Дулеба провели в воеводскую ложницу, а Иваница тем временем остался в гриднице, чтобы быть на подхвате и помочь лекарю, ежели что, хотя, по правде говоря, Дулеб каждый раз обходился собственными силами. Была у Иваницы надежда, что где-нибудь здесь повстречается ему Ойка и он сможет переброситься с ней словом-двумя, но вокруг вертелись лишь ближайшие слуги Войтишича; Ойка же вряд ли и допущена была сюда, в палаты воеводские, она где-то ютилась со слепым отцом в хижине, в самом закутке дворовом, тут ее ждать было бы полнейшей бессмыслицей. Зато пришел тот, кого Иваница и не ждал вовсе. Точно так же, как и в прошлом году, должны были они снова встретиться, только теперь уже не во дворе, а тут, в гриднице, хотя опять-таки с глазу на глаз. Втиснулся в гридницу, волоча ноги так, будто разгребал ими снег, дебелый Петрило, хлопнул своими бесцветными, что и в темноте белели, глазами на Иваницу, ругнулся потихоньку:

– Черти тебя носят! Почто сидишь тут?

– А стерегу, чтобы твои черти да не унесли душу твоего воеводы.

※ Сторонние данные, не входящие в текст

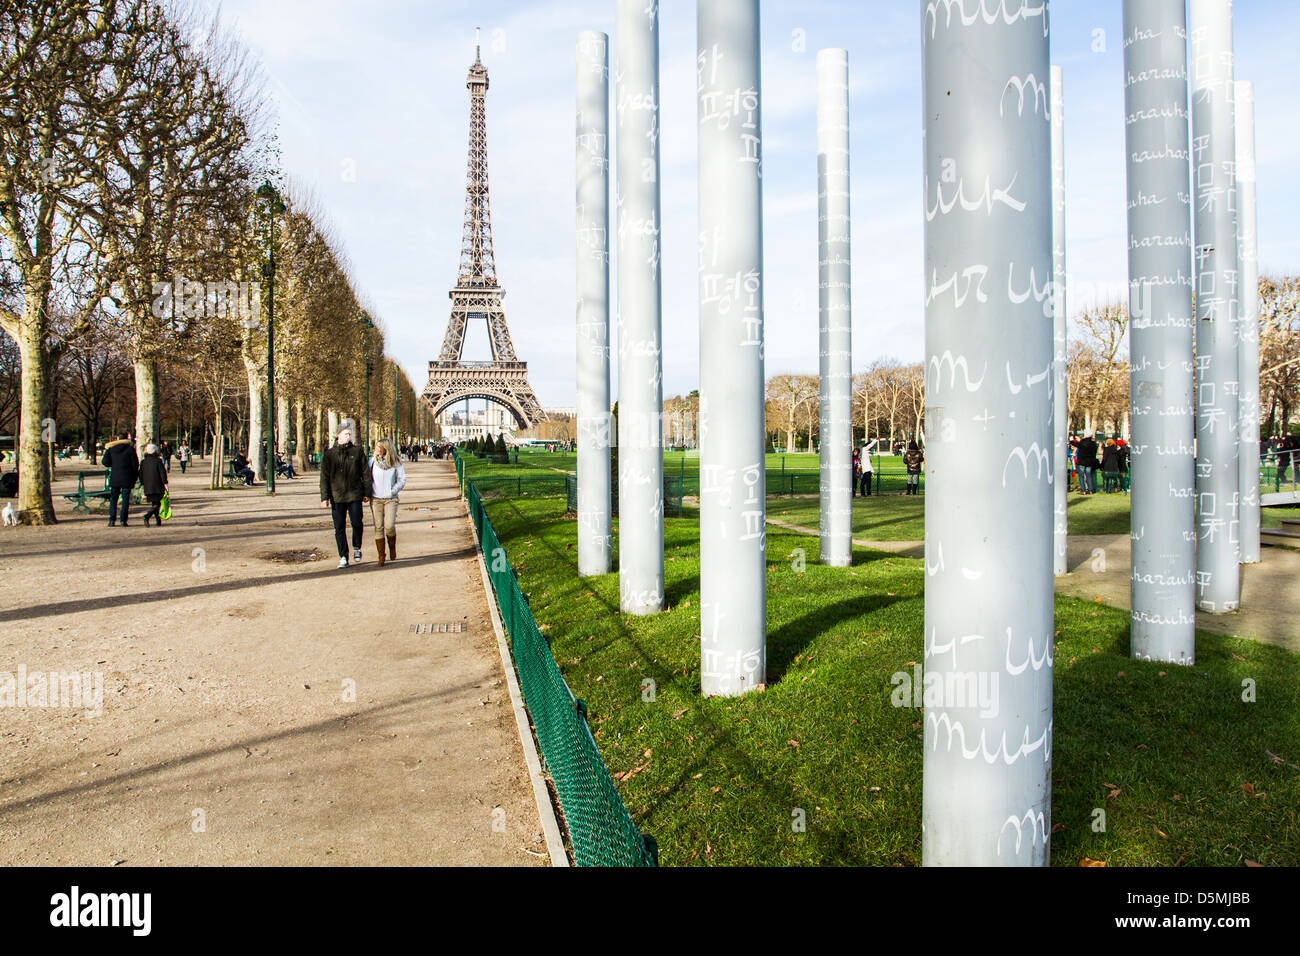 Eiffel Tower viewed from the monument The Wall for Peace (Le Mur pour la Paix). Stock Photo

– Ты тот же самый, что и в прошлом году? – удивился Петрило.

– Вот уж!

– Говорили, в Суздале бросили вас обоих в поруб.

– Бросили, а мы вылезли.

– Вылезли или выпущены?

– Знаешь своего князя лучше меня. Тот сажать не любит, но если уж посадит, так не выпускает. Или забыл князя Юрия?

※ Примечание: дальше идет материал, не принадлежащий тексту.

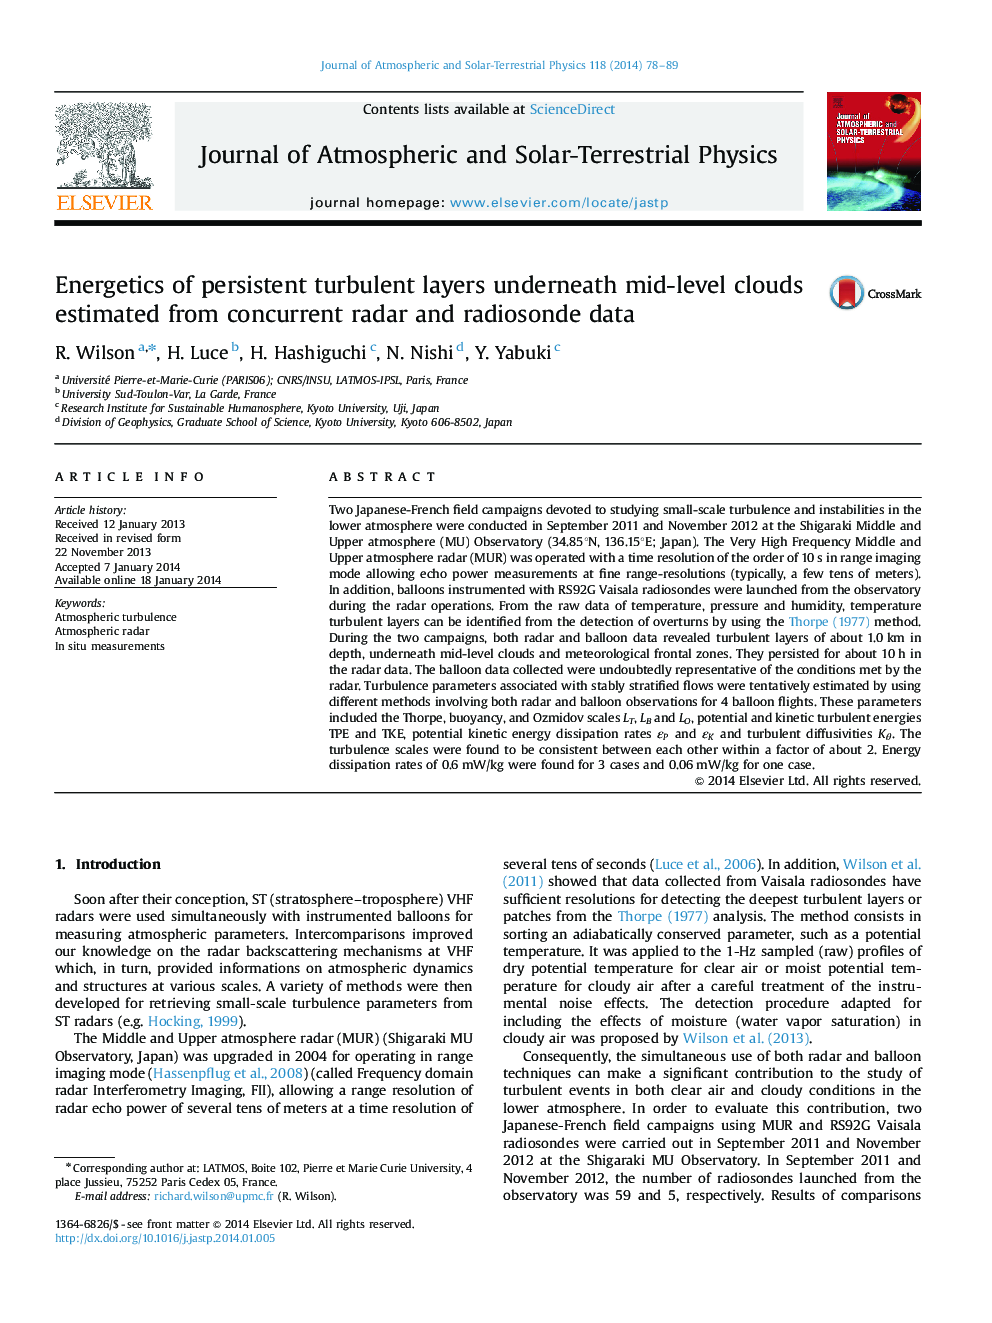 Energetics of persistent turbulent layers underneath mid-level clouds estimated from concurrent radar and radiosonde data

– Не твое дело, раб. Забыл сам, видать, кто перед тобой?

– А чихал я на тебя! Не забыл, что ты и боярина Кучку стрелой когда-то сразил…

Петрило метнулся к Иванице, закрыл ему ладонью рот.

– Раскричался! Кто сказал тебе это?

– А сам князь Юрий.

– Ну, – Петрило отошел, сел возле свечки, разглаживал светлые усы. Мало что скажет Долгорукий.

– Все о тебе знаю, – злорадно промолвил Иваница. – И что ты доверенный человек Долгорукого в Киеве, тоже ведомо мне.

– Кому служу, того и доверенный. Не болтай языком. Лекарь у Войтишича?

– Да. Воскреснет твой воевода.

– Не собирается умирать, еще и тебя переживет.

– Вот уж! Может, и ты переживешь?

– Поболтай мне еще языком, и я тебе покажу!

– Думал я: дружить с нами станешь. Обидел Долгорукий и тебя и нас. Нас в поруб, а тебя с глаз прогнал за того боярина Кучку. Ужели такой ценный человек был этот боярин?

– Замолчи, – попросил Петрило, – голова болит от твоей болтовни. Занудливый ты вельми человек, а на вид вроде бы и не таким должен быть. Расскажи лучше про Суздаль. Что там видел да как был со своим лекарем?

– Вот уж! Почему я должен тебе рассказывать! Были, да и все. Видишь, каким я стал, а каким был.

– А скажи мне такое, – Петрило снова подошел к Иванице. – Вот тогда вы должны были у меня обедать, а не приехали, как это вышло?

– Есть не хотелось, – засмеялся Иваница.

– Ты мне не крути, а говори правду. Куда пропали?